Rather than my repeating myself about this deal, I was waiting for somebody else to say it. Maureen Dowd does a good job this morning:
President Bush does not seem to understand that it was his bumbling -- rather than our bigotry -- that led Americans to gulp and yelp at the idea of an Arab government running our ports. When the president said yesterday that "my administration was satisfied that port security would not have been undermined by the agreement," he seemed oblivious to the fact that -- after W.M.D., Katrina and Iraq -- many Americans no longer trust this administration to protect them.
Still shaken by his first rebellion by Republicans fed up with White House hubris and hamhandedness, W. chastised lawmakers about xenophobia. "I'm concerned about a broader message this issue could send to our friends and allies around the world, particularly in the Middle East," he said. He said that we had to cultivate moderate Arabs, but that moderate Muslims were shrinking back as violent Islamists pushed ahead.
American skepticism about the Dubai government running our ports is not prejudice. As Denny Hastert put it, "It's counterintuitive." There is nothing wrong with wanting Americans to be responsible for American security. That's not nativism or jingoism or bigotry. It's self-reliance and prudence. Of course, such an attitude can be exploited by bigots. And some bigotry is being fed by scenes on the news every day of Arab fighters blowing things up, leading to the same stereotype of Arabs that existed in the 70's, a caricature limned from terrorism, oil and the petrodollar.
The president preaches that we are seriously threatened by autocratic Arab societies that won't modernize and become free markets, but then his cozy relationship with autocratic Arab regimes, including the Saudis, continues basically unchanged.
As Michael Hirsh of Newsweek summed up in a recent column: "How then did we arrive at this day, with anti-American Islamist governments rising in the Mideast, bin Laden sneering at us, Qaeda lieutenants escaping from prison, Iran brazenly enriching uranium, and America as hated and mistrusted as it ever has been? The answer, in a word, is incompetence."
It's incompetence and a sense that the parties which have the most influence on White House policy are motivated by their own political and economic interests more than what is it the best interest of the American people. I don't trust them to do anything for the right reasons, and I think that the common mistake that links people who supported the war with those who support the Dubai Ports deal lies in their thinking that the issues can be discussed as if it were a debate about abstract policy principles. They make their case as if a more fundamental issue was irrelevant, namely the motivations and competency of this particular administration at this particular time in history.
The more fundamental discussion should not be about whether Saddam should or should not have been toppled. It should not be about whether foreigners should run our ports, or whether something has to be done to constrain Iran's nuclear ambitions. These are certainly questions to debate and reasonable people can disagree about the answers to them, but they are not relevant to the root issue. No matter what the right policy might be in the abstract regarding these questions, the more important issue is whether we can trust this government to do anything without making things worse.
This government, with questionable legitimacy from day one, has proven itself to be one of the most reckless, corrupt, and destructive in American history. Has it any credibility or moral legitimacy at all at this point? Can we or should we trust it in anything? I know life goes on, and we have to work with what we have, but if we can't throw these thugs out, we should at least put them under house arrest. My assumption is that everything they do is harmful until proven otherwise. The Dubai Ports Deal is only one among many issues that need to be seen in this light. It has to be understood in this larger context.
The supporters of the Dubai Ports deal make the mistake of looking at the issue as if the Bush administration were worthy of our trust. But whether or not the WTO globalization logic used to justify this deal has merit in the abstract, it doesn't make sense at this particular time given who the players are in this particular melodrama. If I had confidence that this administration had given the Coast Guard and the customs officials the resources they need, maybe I'd feel a little better about Dubai Ports running the business end. The administration has not made port security a priority, and its
blatant cronyism in all things having to do with the Middle East gives
reason for pause. But it boils down to my having no confidence in this government to do anything competently or to do anything for the right reasons.
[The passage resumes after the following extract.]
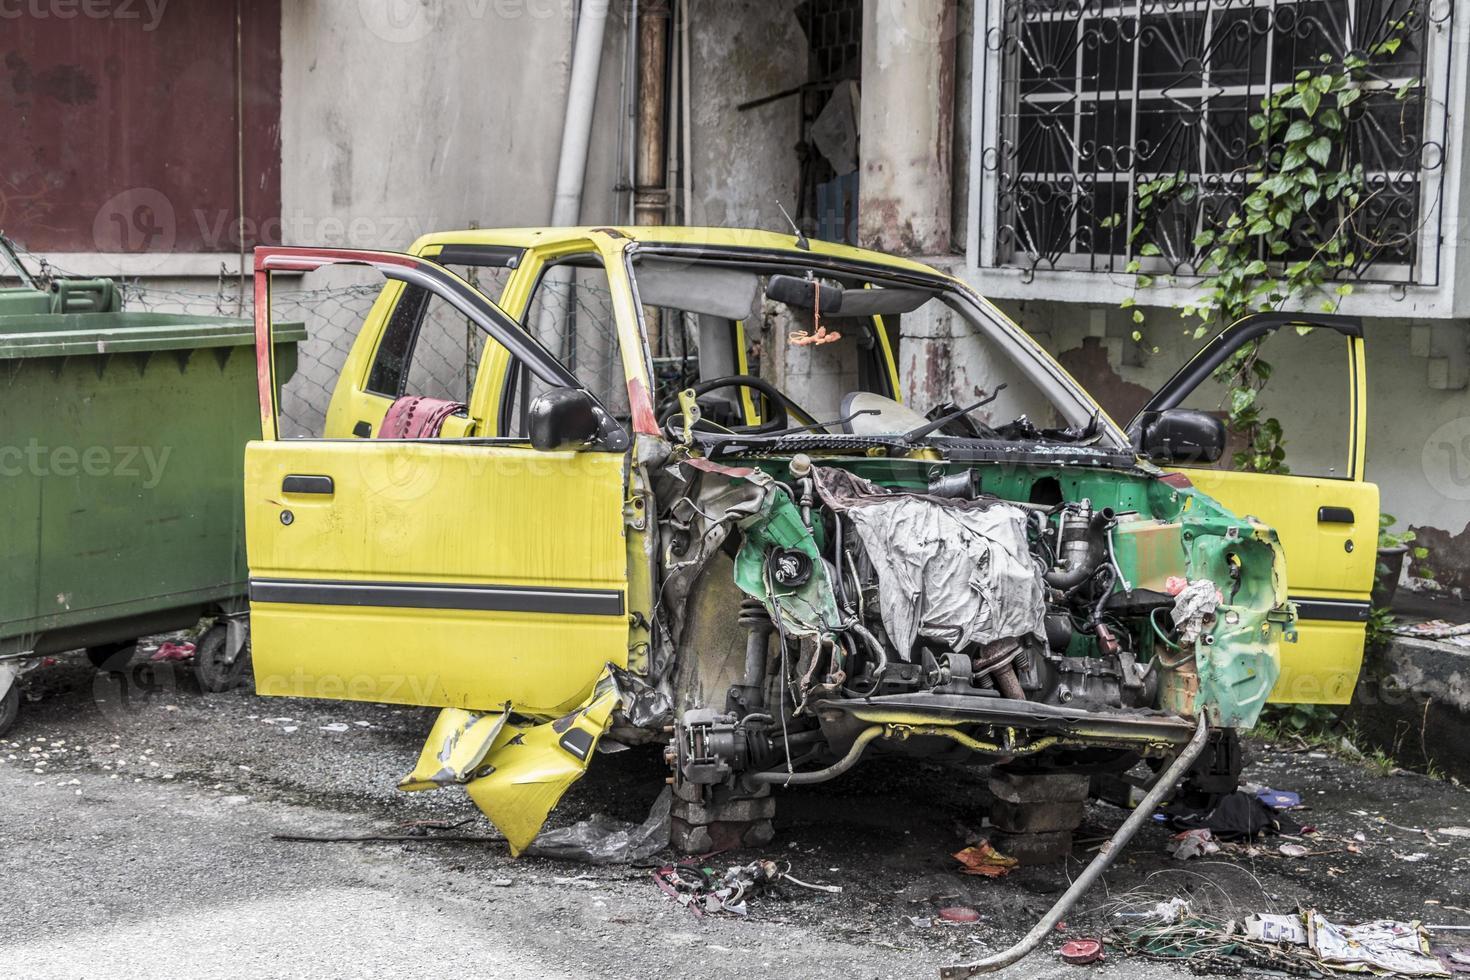 Broken accident car in a housing development in Kuala Lumpur. photo

I don't know if DP is ok. Maybe it is. But we're renting in a tough neighborhood without adequate police protection, and I don't trust the landlord to find the right tenant. DP might be a sweet old grandma, but what about her misbehaving grandkids whom she can't control when they visit? That's the concrete reality. It's not about letting fear dictate policy; it's about being prudent. Prudent is the last word I would use to describe this administration and its approach to everything.
The Dubai Ports deal would be questionable at this time even if we had adequate port security, but given who's on watch now, it simply makes no sense.